Zapomniane choroby wracają
Co roku w Polsce przybywa odmów szczepień ochronnych tymczasem w Europę uderza fala odry. W Czechach na pomoc w walce z epidemią wezwano wojsko.
Od kilku lat regularnie przybywa rodziców, którzy nie chcą szczepić swoich dzieci. Nie pomaga nawet fakt, że za uchylanie się od obowiązku grożą kary finansowe. W 2013 roku odnotowano 7248 odmów, w 2017 liczba ta wzrosła do ponad 30 tys. Wzrost sprzeciwu wobec szczepień dotyka wszystkich województw. Jak informuje WSSE w Gorzowie Wlkp. w 2013 roku w Lubuskiem odnotowano 255 uchyleń. Cztery lata później było ich już blisko tysiąc. - Najczęściej rodzice uchylający się od obowiązku wykonania szczepień ochronnych u swojego dziecka nie podają przyczyny swojej decyzji, dotyczy to 73,3% zarejestrowanych odmów - mówi Jolanta Musiała, Zastępca Lubuskiego Państwowego Wojewódzkiego Inspektora Sanitarnego w Gorzowie Wlkp. - Z przeprowadzonej sprawozdawczości wynika, ze wśród przyczyn wykonania odmowy wykonania szczepień przy jednoczesnym braku przeciwskazań zdrowotnych możemy wymienić : działalność ruchów antyszczepionkowych 24% oraz wpływ środowisk propagujących medycynę alternatywną 1,2% - dodaje.

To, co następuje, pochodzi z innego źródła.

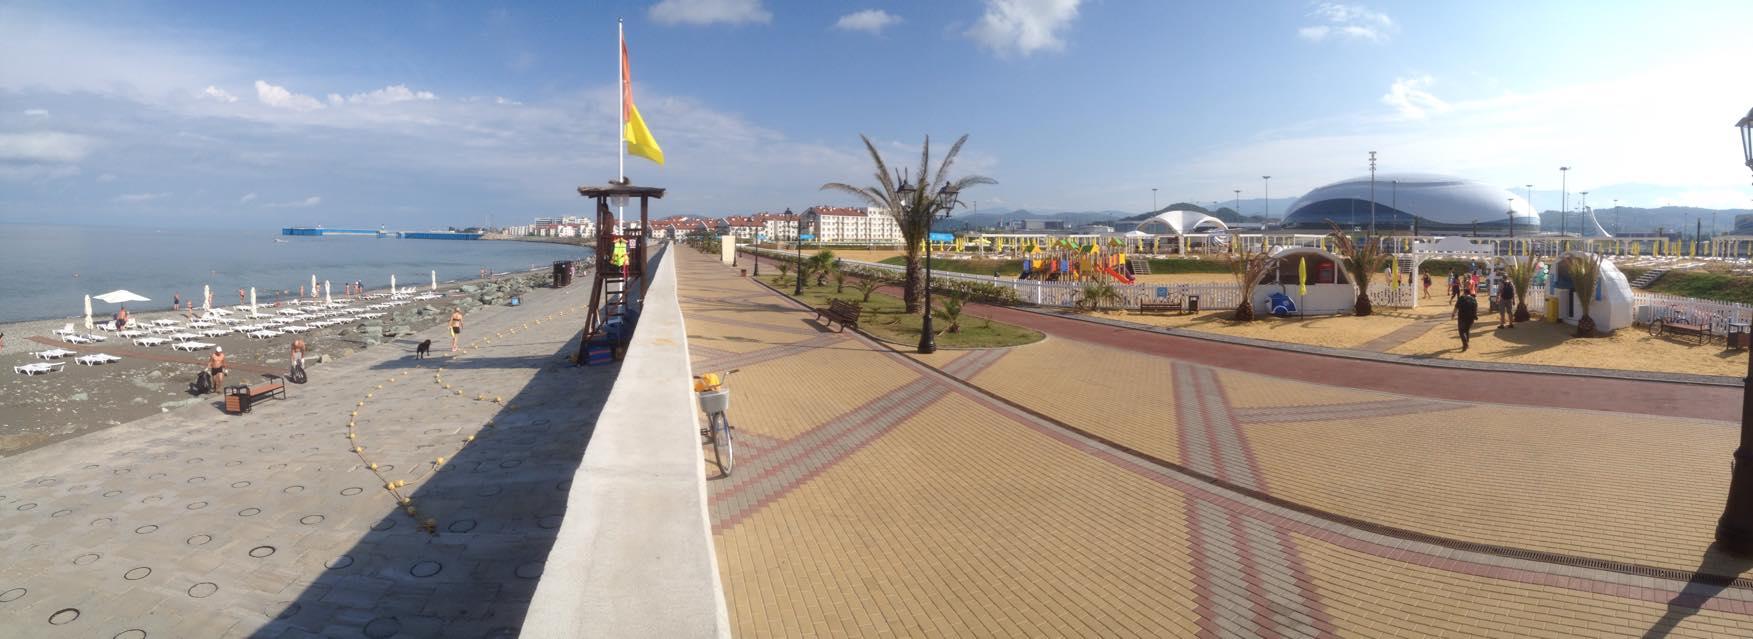 33a Песчаный пляж в Сочи. Какой он?

Tymczasem w Czechach lekarze już zmagają się z powrotem odry. Jak informuje czeskie ministerstwo zdrowia, tylko w ostatnich dniach kwietnia odnotowano blisko 100 przypadków. - Wojskowi lekarze uzupełniają braki kadrowe w czeskich szpitalach i w pogotowiu w związku z falą zachorowań na odrę. Zastępują lekarzy objętych kwarantanną – pisze Rzeczpospolita.
Większość rodziców nie zdaje sobie sprawy z poważnych powikłań, jakie niosą za sobą choroby zakaźne. Poziom szczepień przeciw odrze w Polsce spadł już poniżej tego, który daje tzw. odporność zbiorowiskową. W 2017 roku z ochrony przeciwko odrze skorzystało 93% Polaków.